Numerous single-institutional series [1]–[3] and phase II studies [4]–[6], including a multi-institutional Radiation Therapy Oncology Group (RTOG) study, have demonstrated high local control rates of greater than 80–90% with SBRT for lung tumors and a low risk of severe toxicity (<10%) when patients are appropriately selected.

However, early reports of lung SBRT demonstrated unique toxicity events that have not been previously seen with conventionally fractionated thoracic RT. In particular, chest wall (CW) toxicity, which typically occurs several months after SBRT, has been observed in multiple series with varying incidences [7]–[16]. CW toxicity includes a spectrum of clinical findings including rib fracture (symptomatic or asymptomatic), CW pain (focal or diffuse) or skin changes (erythema, ulceration). These early series evaluating SBRT toxicity defined the CW as an organ at risk (OAR).
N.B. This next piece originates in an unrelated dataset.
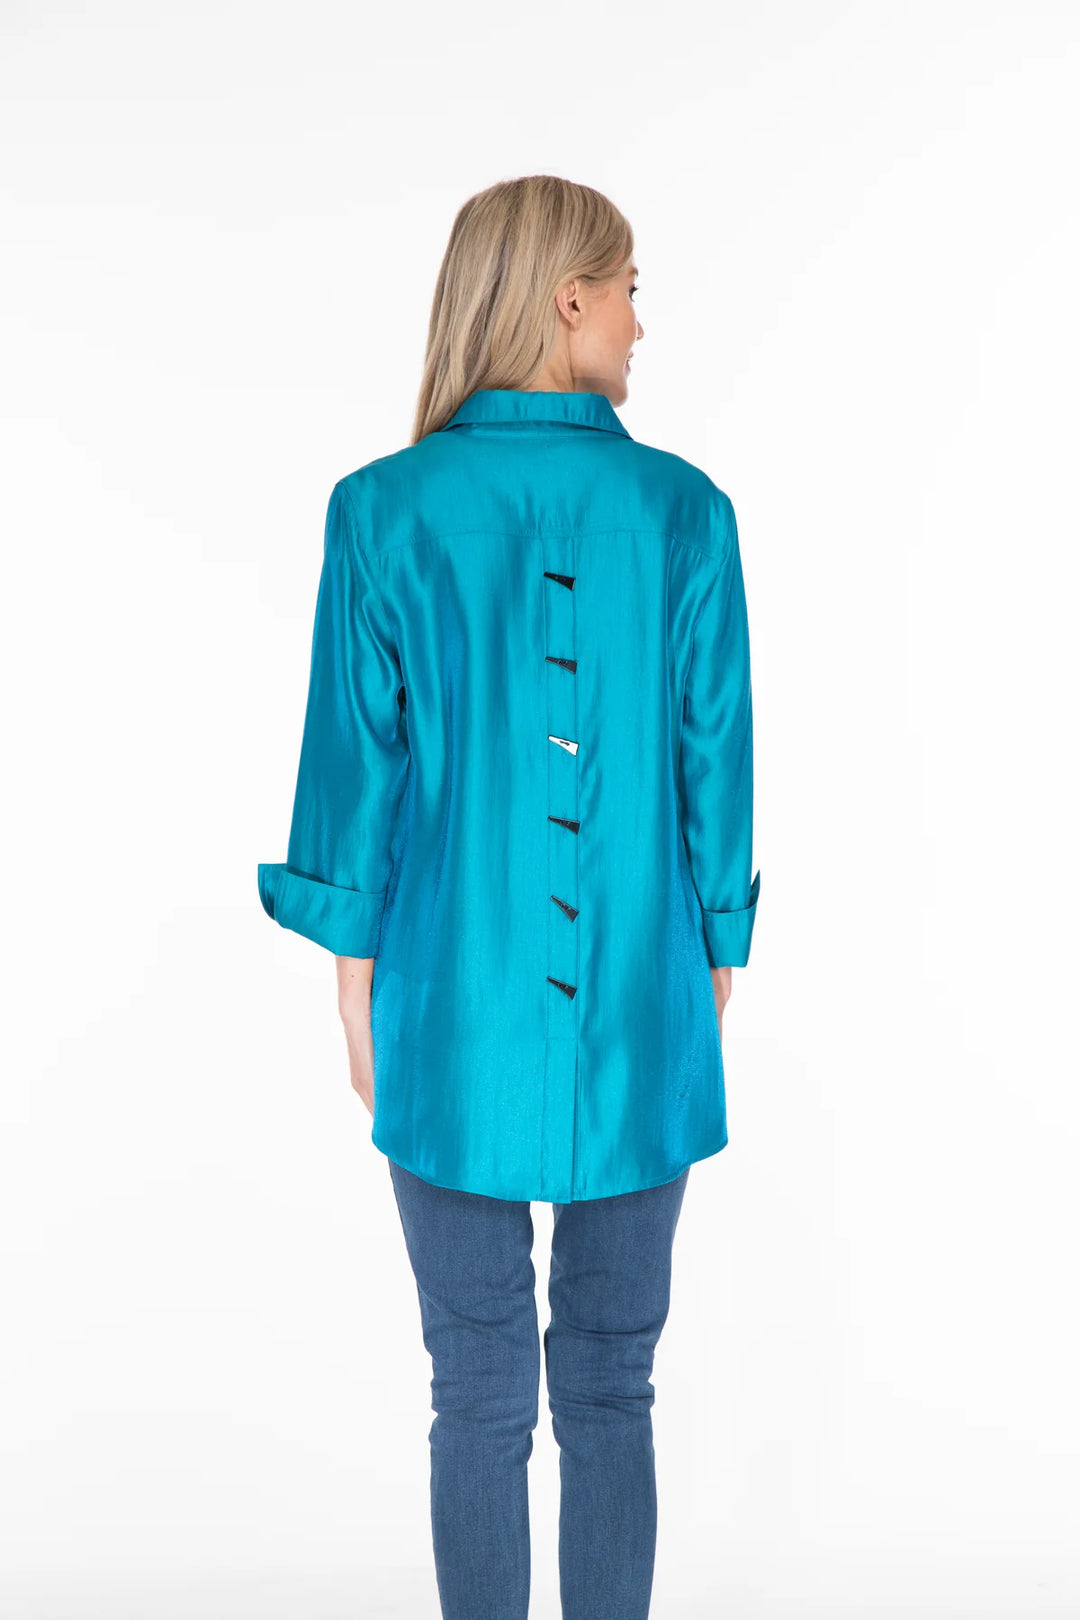 Multiples Teal Turn Up Cuff Button Top

One of the earliest CW toxicity publications, Dunlap et al [7], determined that the volume of CW receiving at least 30 Gy (V30) was associated with CW toxicity and that maintaining the CW (CW) V30 below 30 mL resulted in a trend toward reduced toxicity. Similarly, a series from Stephans et al [8] demonstrated a correlation between tumor size and CW dosimetry with CW toxicity and concluded that maintaining two dosimetric parameters for the CW, V30<30 mL and V60<3 mL, resulted in a lower (10–15%) risk of CW toxicity. In addition, Woody et al [9] employed the concept of modified equivalent dose (mEUD) [17] and concluded for their series, that mEUD was a better predictor of CW pain than V30.

Based on these early reports of CW toxicity, starting in 2010 we modified our departmental lung SBRT regimen to a risk-adapted fractionation approach [10], based primarily on the CW V30. With the goal of significantly reducing CW toxicity after treatment, peripheral tumors with minimal CW contact and CW V30≤30 ml were treated with 18 Gy×3 fractions (54 Gy total) while peripheral tumors with broad CW contact and/or CW V30>30 mL were treated with 10–12 Gy×5 fractions (50–60 Gy total).

In this study, we report the incidence of CW toxicity for patients treated with a risk-adapted SBRT approach based on CW dosimetry (V30). Also, we present a comprehensive analysis to identify other metrics that might further predict CW toxicity in these patients.

Methods and Materials

Patient selection and evaluation

This study was conducted with the approval of the institutional review board (IRB) for the Dana-Farber/Brigham and Women's cancer center. Because our study was a retrospective review of existing medical records, the requirement for a formal informed consent was waived by the IRB. Data used was de-identified to protect patient confidentiality.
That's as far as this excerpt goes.